I used about 1.5mL/L but it will all depend on how bitter your beer is to begin with. -Add to taste.
Cheers

James


----------



## boriskane (5/12/10)

sav said:


> Mate the galaxy gets harsh in my opinion mash a bit higher you should be ok



yeah i was mashing at ~65 i think so is that high enough? pretty new to AG so yet to learn about intricacies of stuff like that.




manticle said:


> If you are really concerned, leave off bottling for a bit and add something malty that's in keeping with the brew OR blend with a similar but much less hopped wort and ferment out again.
> 
> Otherwise leave for longer to age. Carbing and time do amazing things to beers.
> 
> My first AG was way too bitter in the fermenter for me so I basically made a very low hopped wort with the same grist proportions, fermented it out then blended the two togather. It worked a treat but nowadays I would just add one to the other as suggested and ferment out again. I would rack the first onto the second and add some fresh yeast if need be but I seem to be sensitive to yeasty flavours so you may be able to just add wort II to wort I and not rack.

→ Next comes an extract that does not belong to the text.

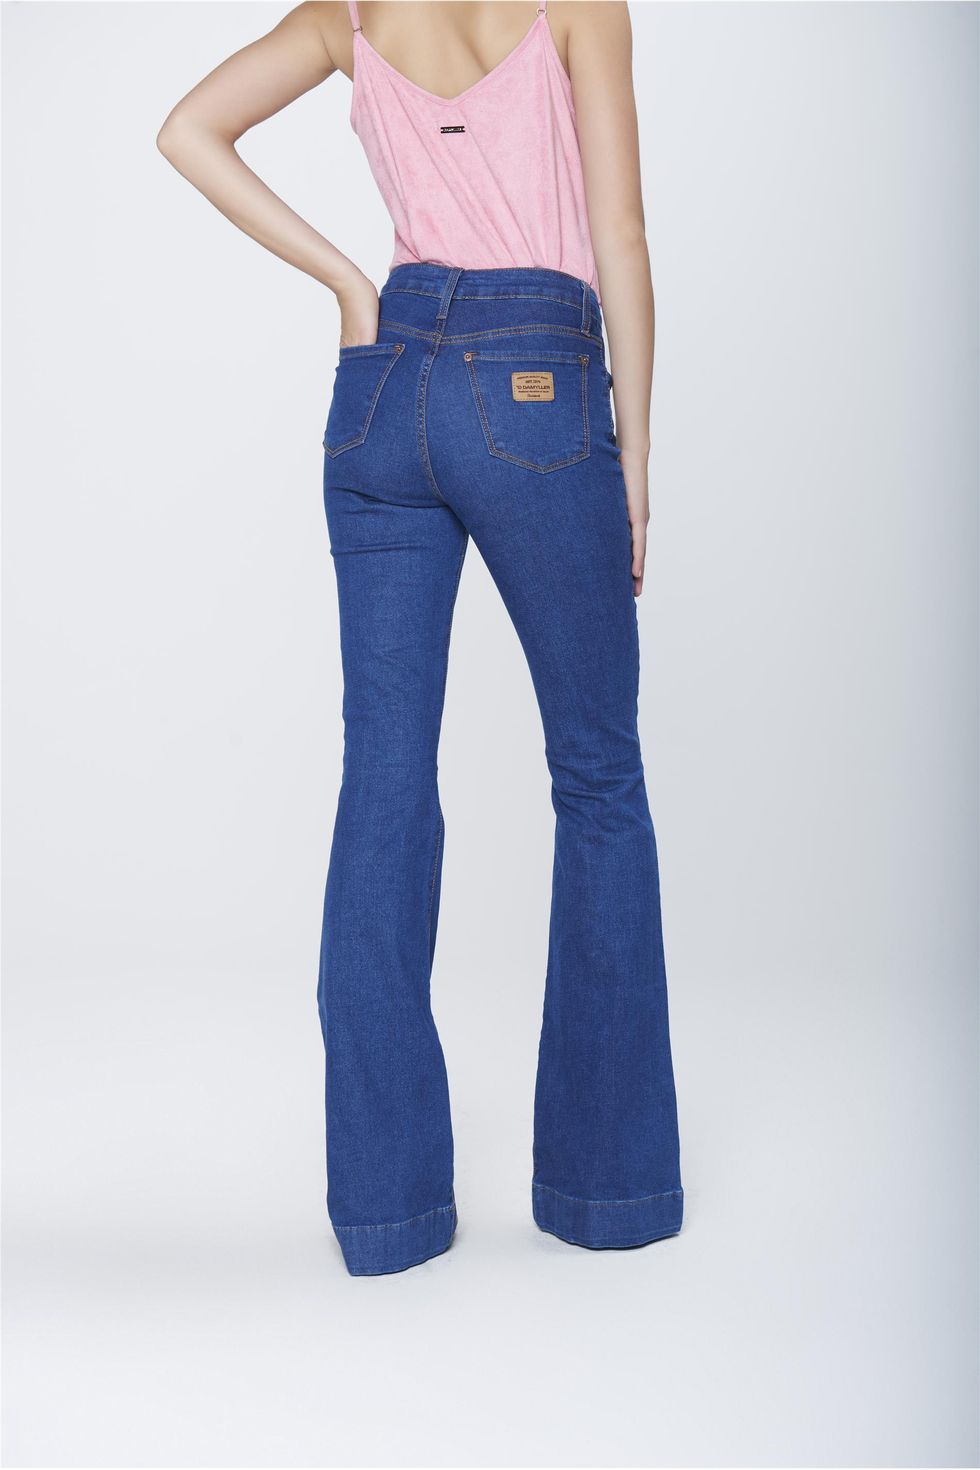 fotos de calça jeans cintura alta flare

what do you consider to be 'something malty', like more ldme? or a type of adjunct?

that strategy of fermenting out again is a plausible one so i might give that a go, ive got loads of grain so it shouldnt be an issue. 




Jimboley said:


> Blending with a sweet wort and re -fermenting is the prob the best way.
> 
> But a cheats way...I used some liquid glycerine (used in spirits/liqueurs to add mouhfeel) in a couple of brews that were way too bitter. It's sweet to taste and has a warming effect on the palate...
> (Dont know how good for you it is tho?)
> ...



really? thats awesome! im still new to AG so i might stick to traditional methods for the time being, but damn good option there. ill keep that in mind.


ill probably end up mashing another batch this time around, i might bottle a few to see the difference as well so i can compare the ageing process , gotta love a bit of scientific method.


cheers for that everyone!


----------



## manticle (5/12/10)

boris kane said:


> what do you consider to be 'something malty', like more ldme? or a type of adjunct?

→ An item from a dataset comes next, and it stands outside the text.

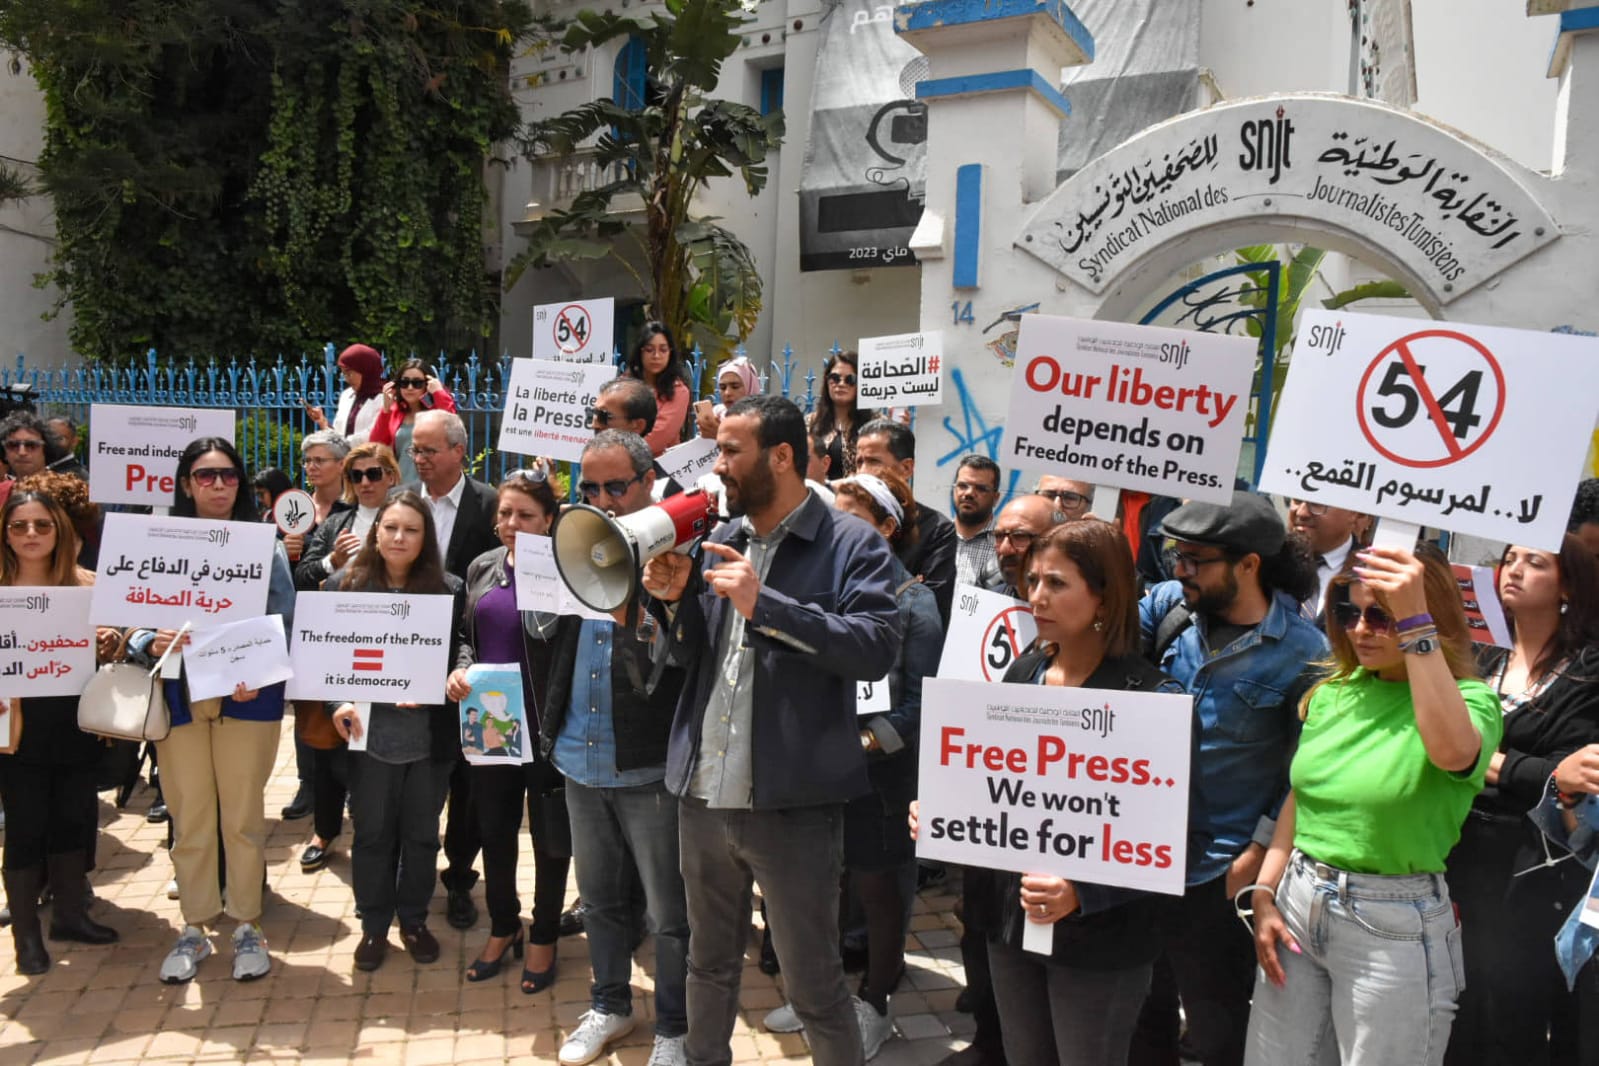 رسالة احتجاج وإدانة بشأن صدور حكم استئنافي بالسجن لمدة خمس سنوات بحق الصحافي خليفة القاسمي وملاحقة الصحافيين والصحافيات التونسيين

Something malty is something with malt in it. Not meaning to be obscure or obtuse - either malt extract or a low/unhopped wort, depending on how much you think you need. If 1 kg or less of extract will balance what you want, stick to the easy road and use extract. If it requires a lot, extract will change the flavour so make another small AG wort and balance it up. Depends on your desired effort and outcome.


----------